An additional challenge comes from the fact that the GEO arc in view by McMurdo is that of the Pacific Ocean Region. Due to the large expanse of open ocean without land masses, the preponderance of commercial GEO satellite service that is available is typically directed for East-West service between North America and the Asia-Pacific, with some degree of regional/spot coverage for the scattered Pacific Islands.
Service to Australia and New Zealand typically is regional in nature and without satellite beam footprints extending to McMurdo’s latitude. Largely, McMurdo can only depend on the international satellite operators who provide global beams (C-Band), which are few and highly subscribed. Thus, McMurdo has a tenuous foothold on GEO satellite communications.
GovSat Report: In light of these challenges, why is the NSF still looking at COMSATCOM services for connecting McMurdo?
Mr. Smith: The evolution in the NSF and tenant agency demand for increased satellite communications capability is coincident with changes in the Pacific Region service plans of the regional and international operators. More opportunities are opening for occupied orbital slots within the limited clear view available to McMurdo. This allows the NSF to avoid the recourse of continued use of the Black Island Telecommunications Facility.
Also, satellite operators are formulating plans for future deployments in the region and are considering the introduction of new technologies – such as high throughput satellites – that could have substantial cost and performance benefits for NSF and its partners.

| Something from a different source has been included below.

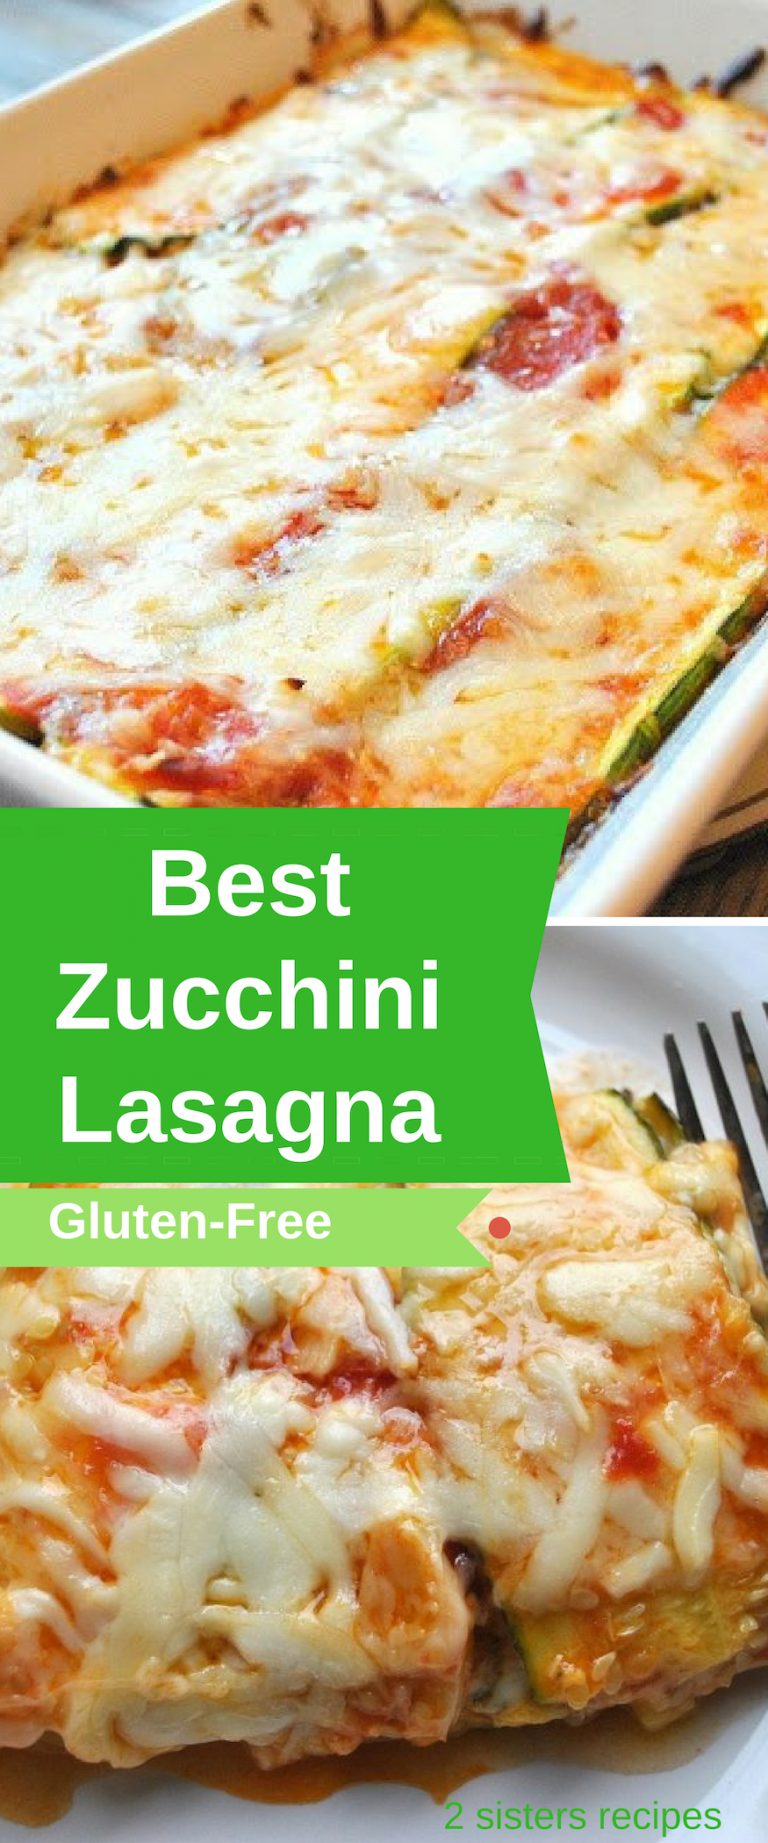 Best Zucchini Lasagna without Noodles 2 Sisters Recipes by Anna

GovSat Report: Industry response to the RFI ended on May 6, 2015. What is the timeline for the NSF to get this new system and equipment installed and operational?
Mr. Smith: The exact schedule is still under formulation. The range in “need dates” is roughly Q1 of 2021 to Q1 of 2023. However, capacity could be utilized with an earlier start date.

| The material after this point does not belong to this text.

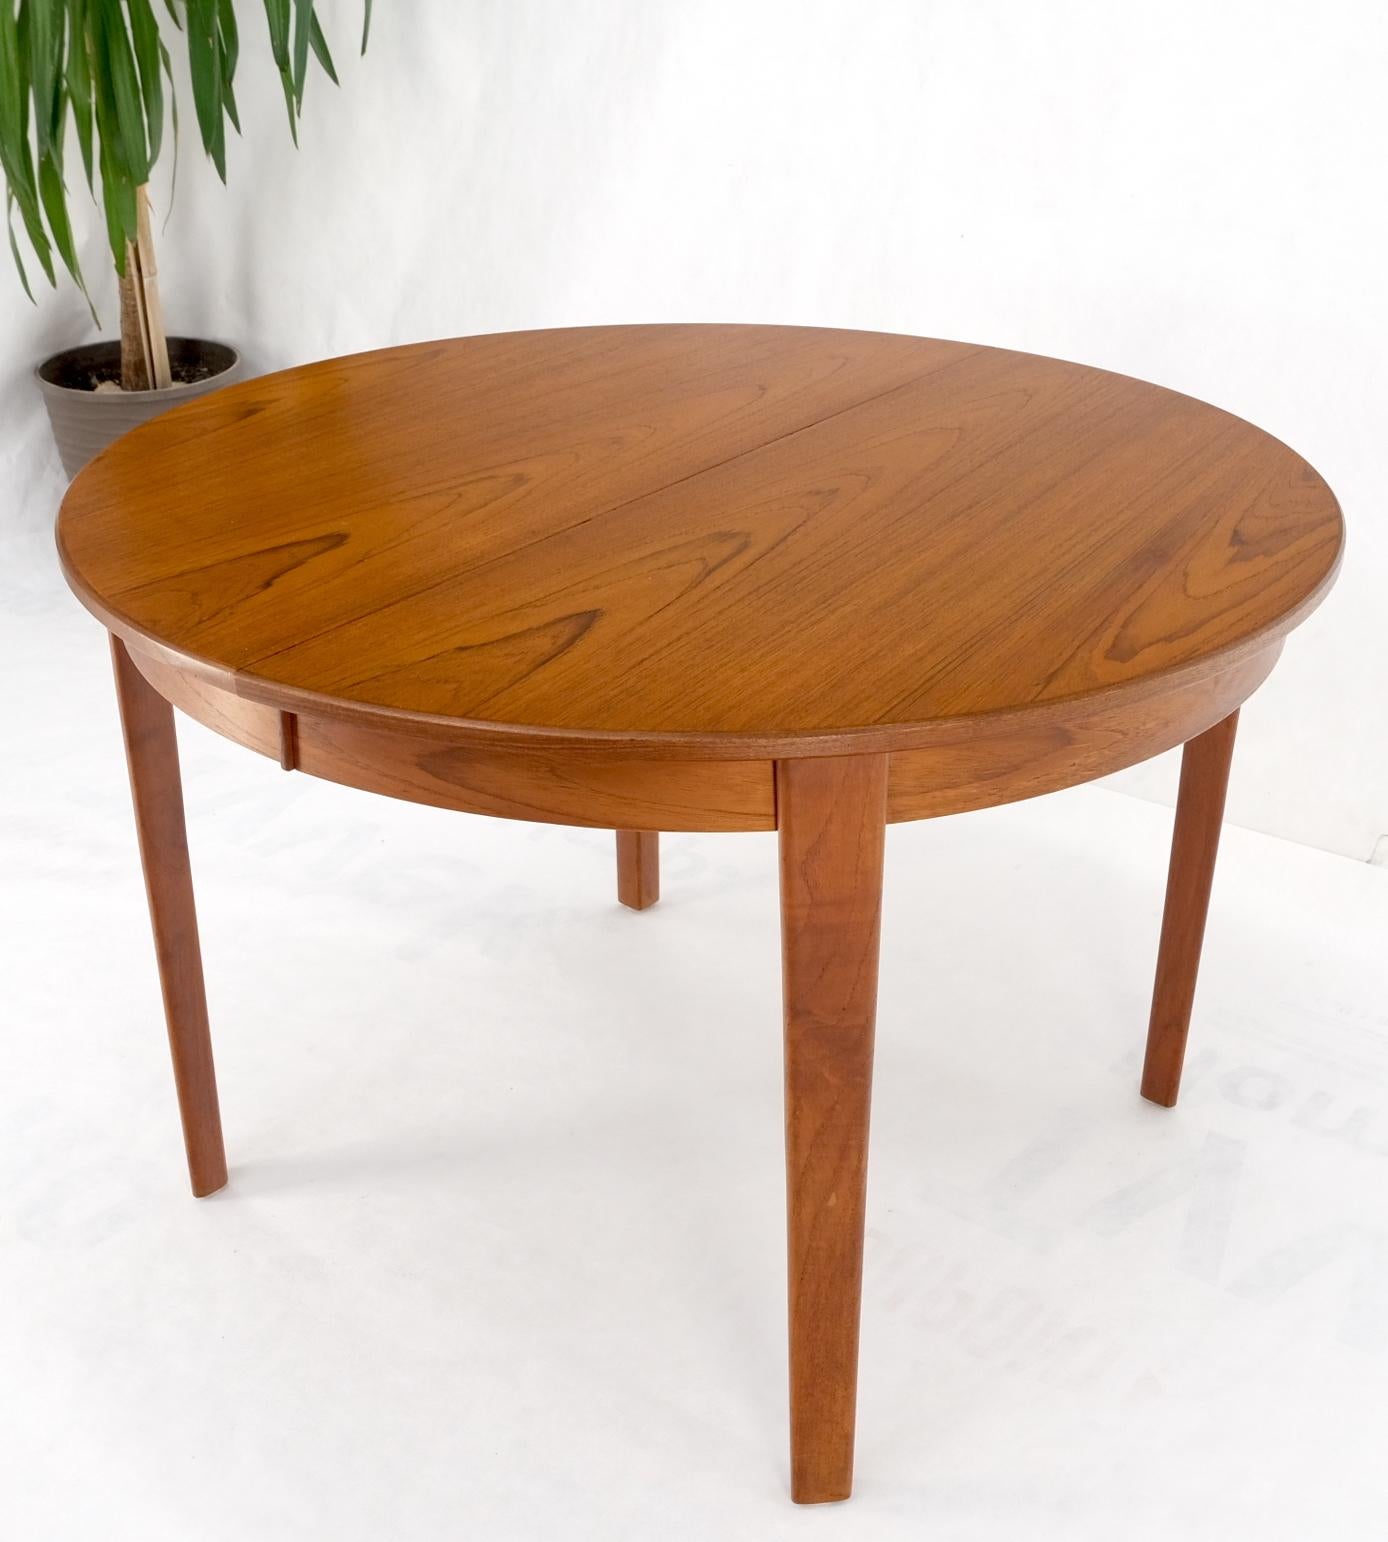 Danish Teak Mid Century Modern Round Dining Banquet Conference Table 4 Leaf MINT For Sale 8

One pacing item in the schedule currently envisioned is that of the construction and commissioning sequence needed for a newly-constructed satellite earth station immediately adjacent to McMurdo Station. McMurdo is serviced by an annual cargo ship for resupply and the transport of “big/heavy things,” such as the antenna, shelter, foundation, radome, and other equipment that will be needed for a new satellite communications earth station.
Timing has to coincide with the cargo receipt window for loading the cargo vessel in California for its annual arrival. Missing a deadline by a month would mean a year slip in schedule.
A typical Antarctic project of this nature would nominally allow for a three year duration –year one for planning and design, year two for acquisition and logistics transport, and year three for construction and commissioning. The NSF intends to continue work on schedule refinement based on the responses received to the RFI.